┏━━

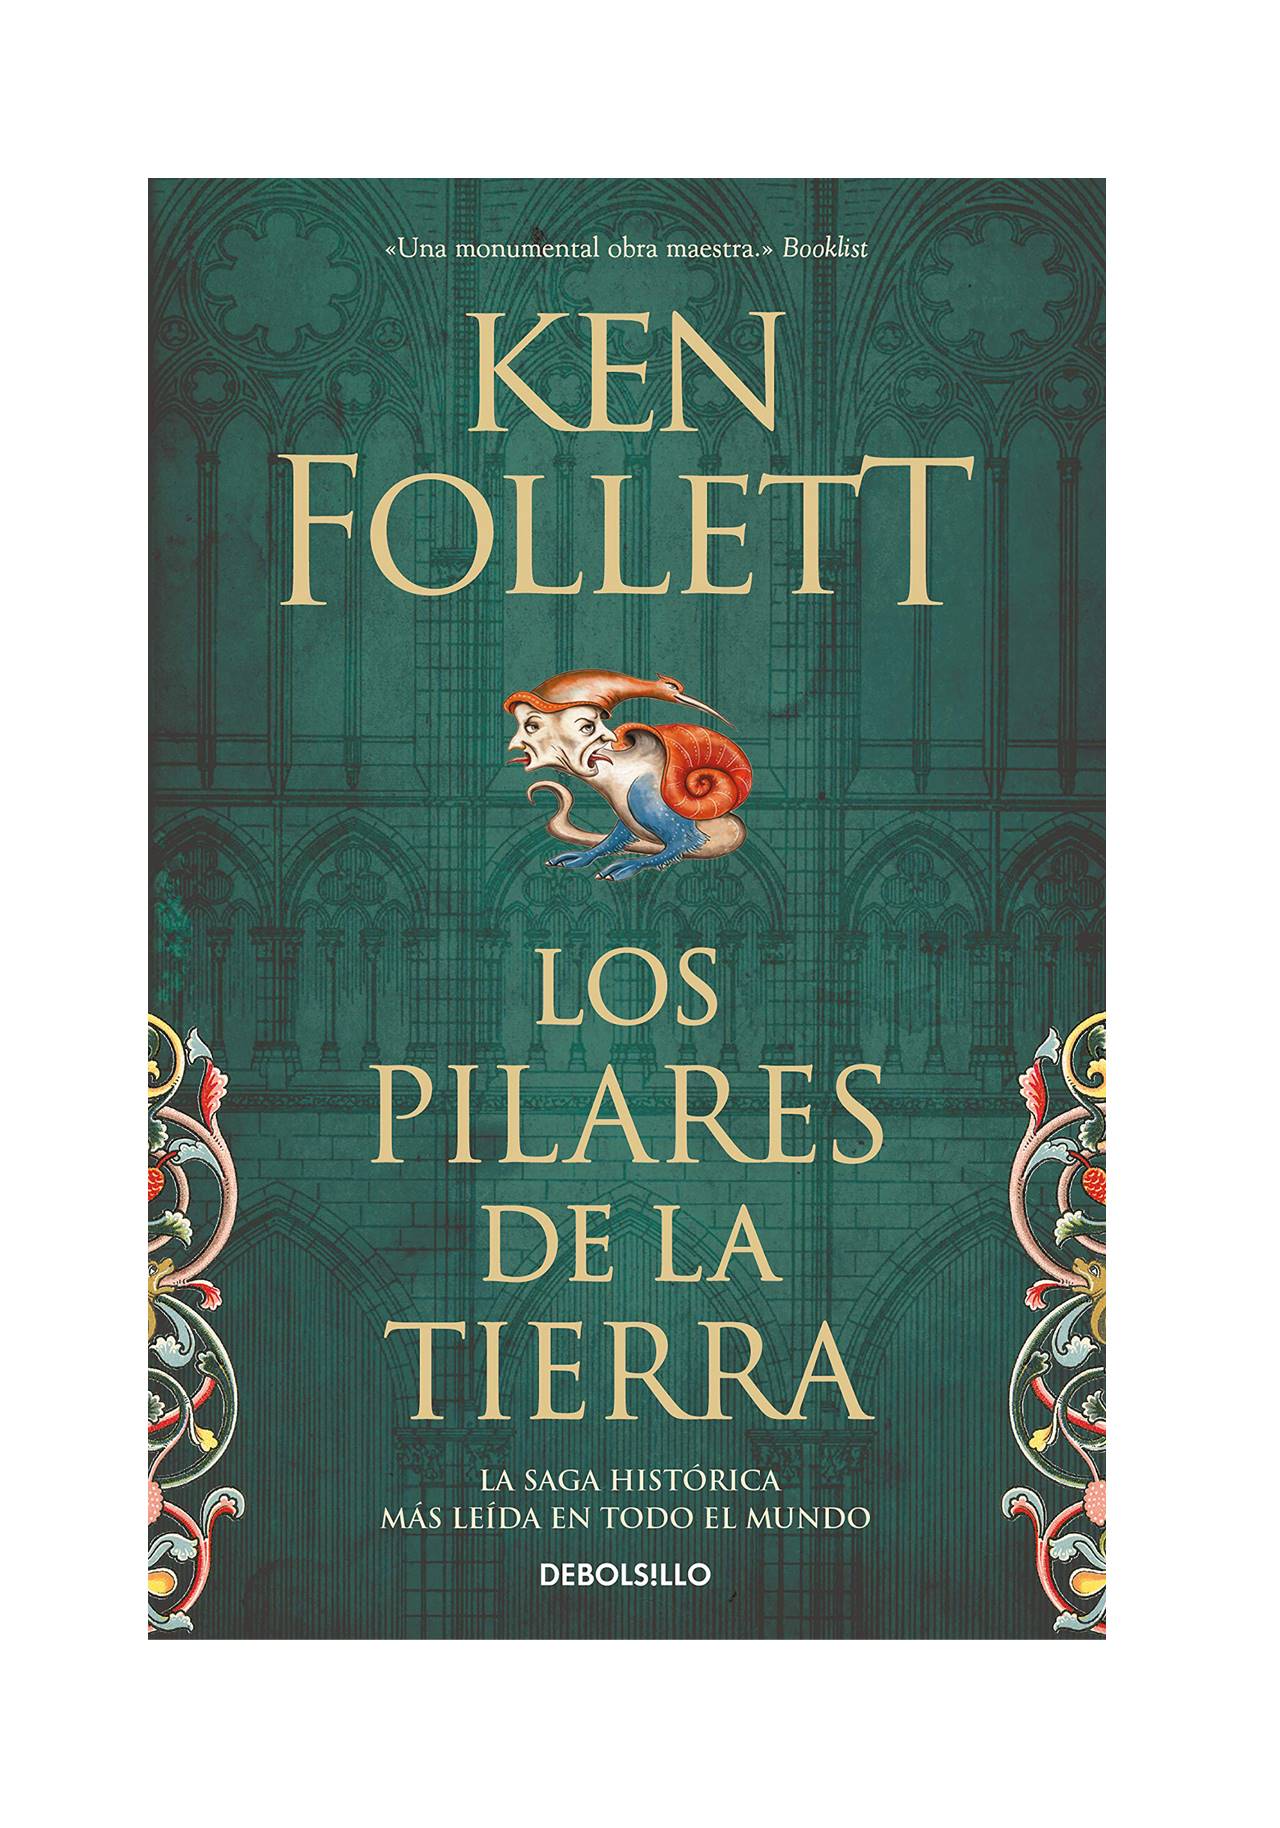 Novelas históricas imprescindibles: Los Pilares de la Tierra de Ken Follett (2017, Plaza & Janes Editores)
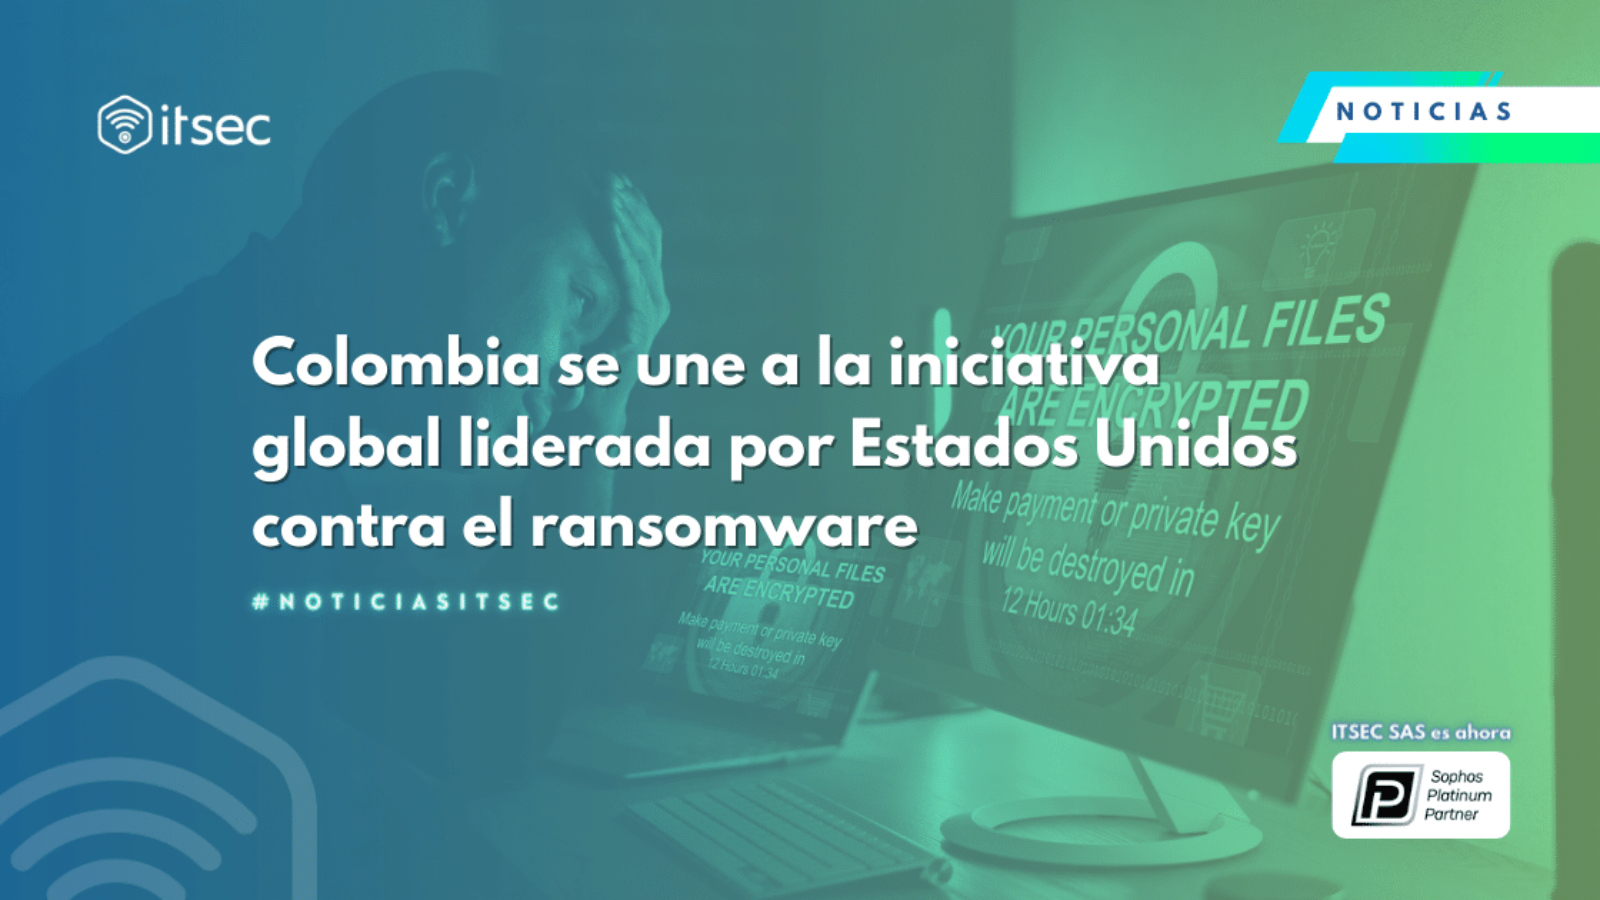 Colombia se une a la iniciativa global liderada por Estados Unidos contra el ransomware
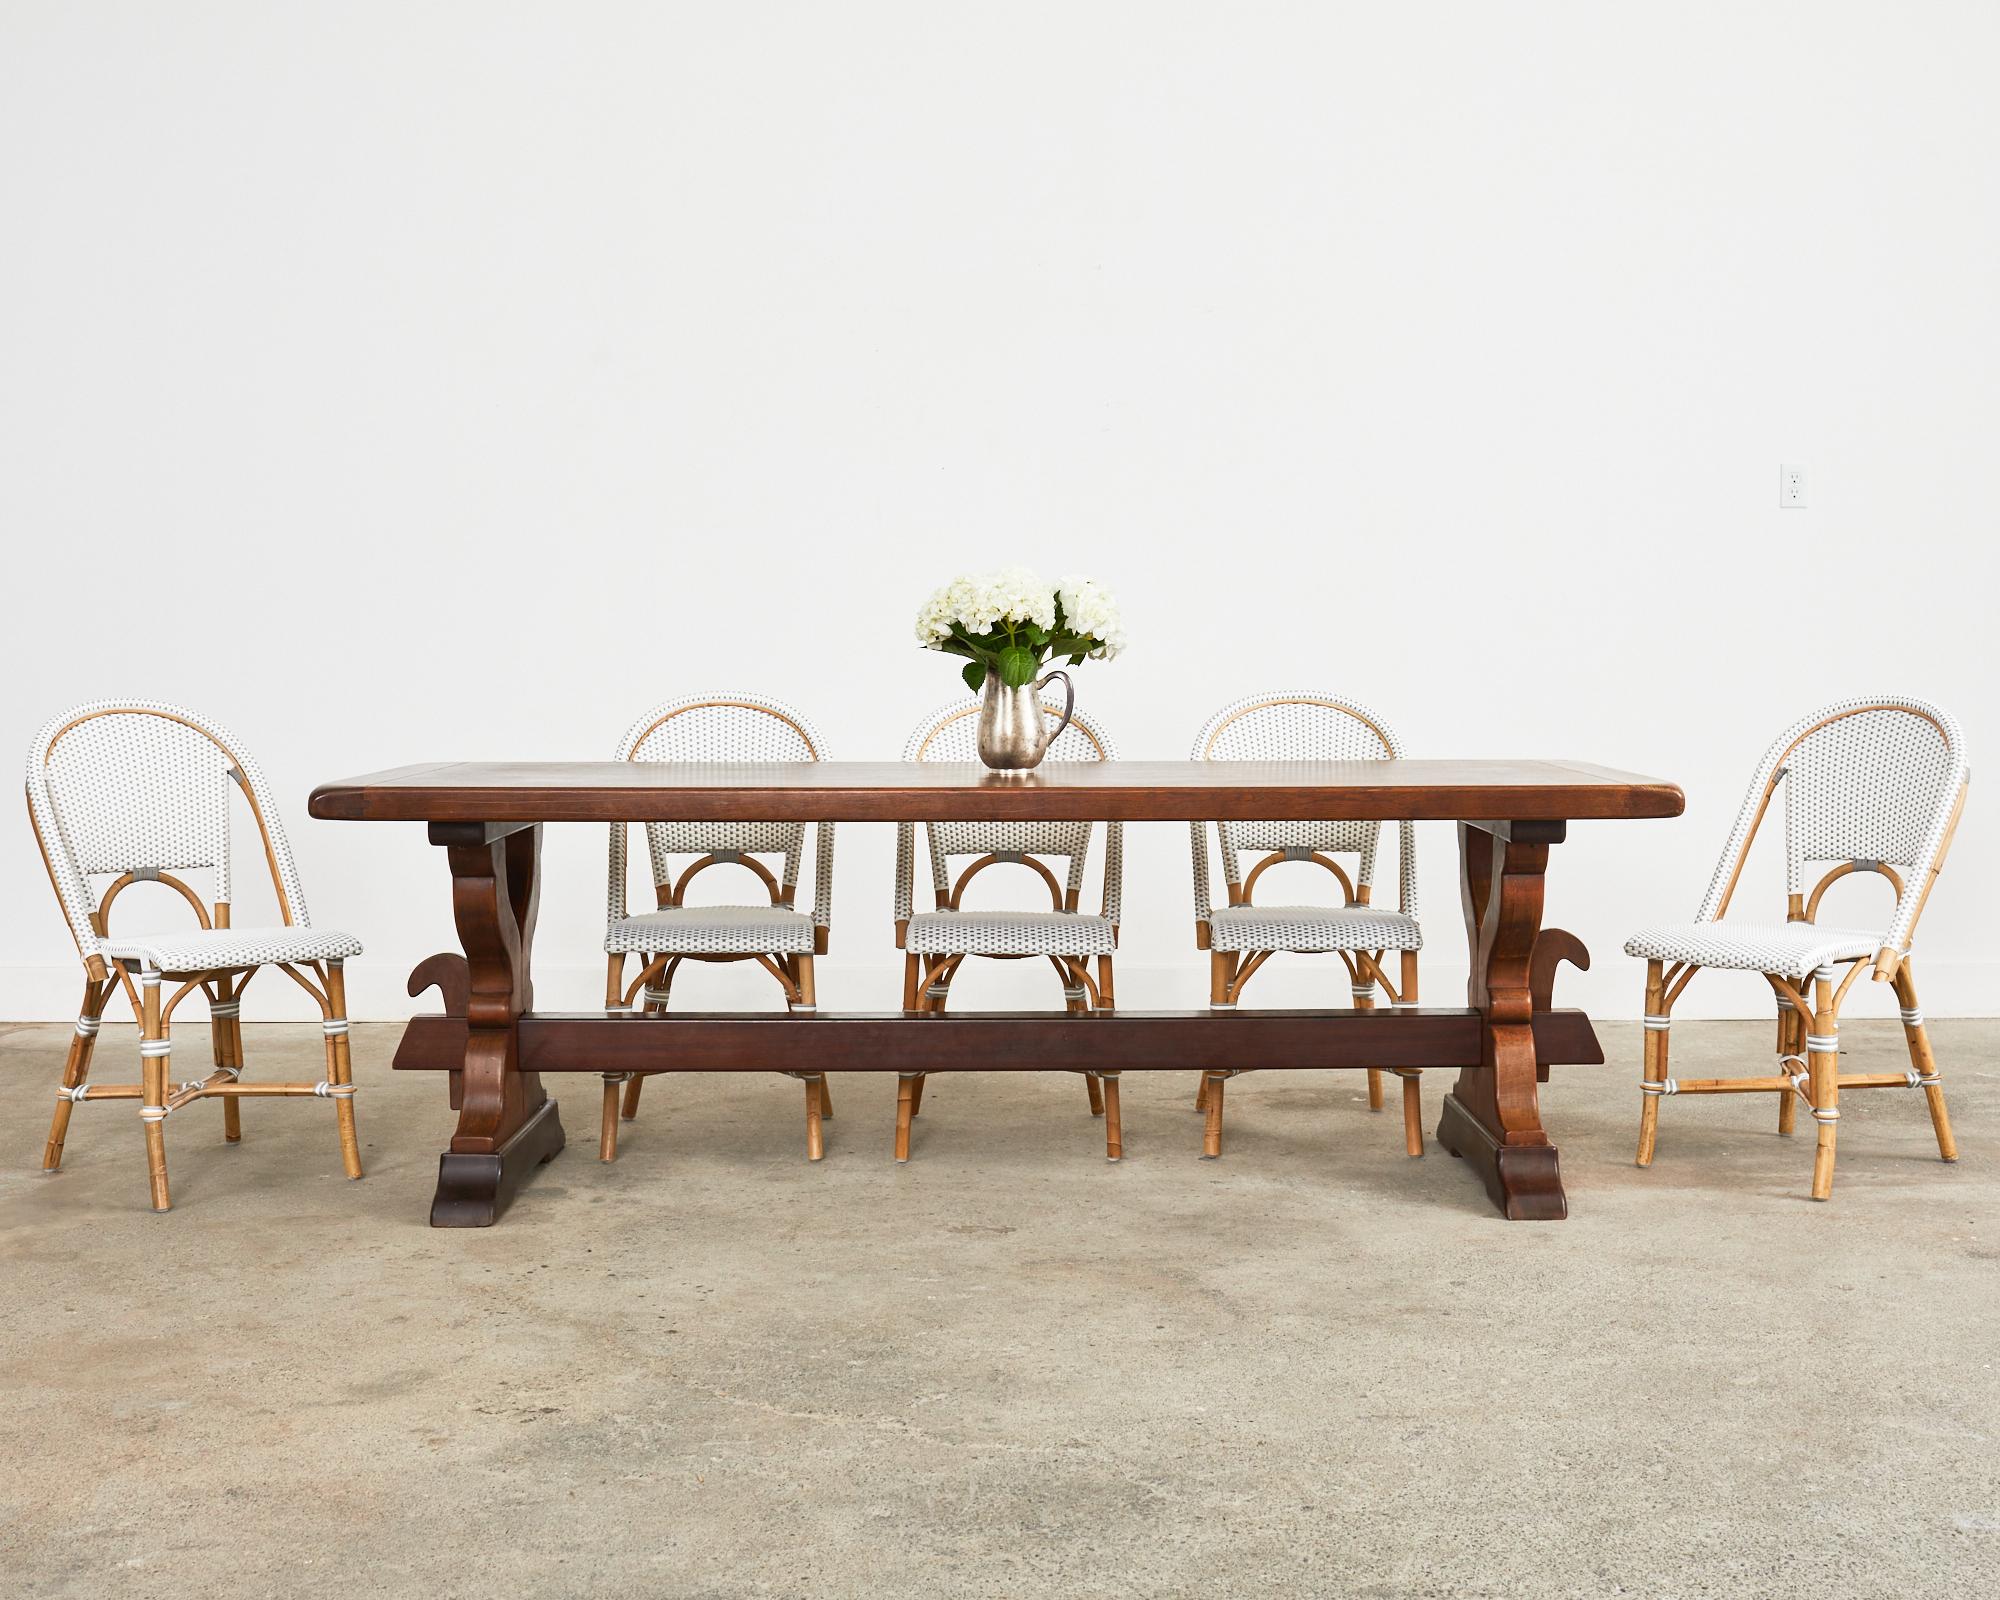 Magnifique table de salle à manger de campagne en chêne provincial français ou table de récolte fabriquée en chêne massif. Le plateau en planches de plus de 2 pouces d'épaisseur, avec des extrémités en planche à pain, est soutenu par une base en

┗━━

Return the whole listing word for word, minus its pictures.

▸ **REPLY TO THE TASK**
 Novelas históricas imprescindibles: Los Pilares de la Tierra de Ken Follett (2017, Plaza & Janes Editores)
 Colombia se une a la iniciativa global liderada por Estados Unidos contra el ransomware
 Magnifique table de salle à manger de campagne en chêne provincial français ou table de récolte fabriquée en chêne massif. Le plateau en planches de plus de 2 pouces d'épaisseur, avec des extrémités en planche à pain, est soutenu par une base en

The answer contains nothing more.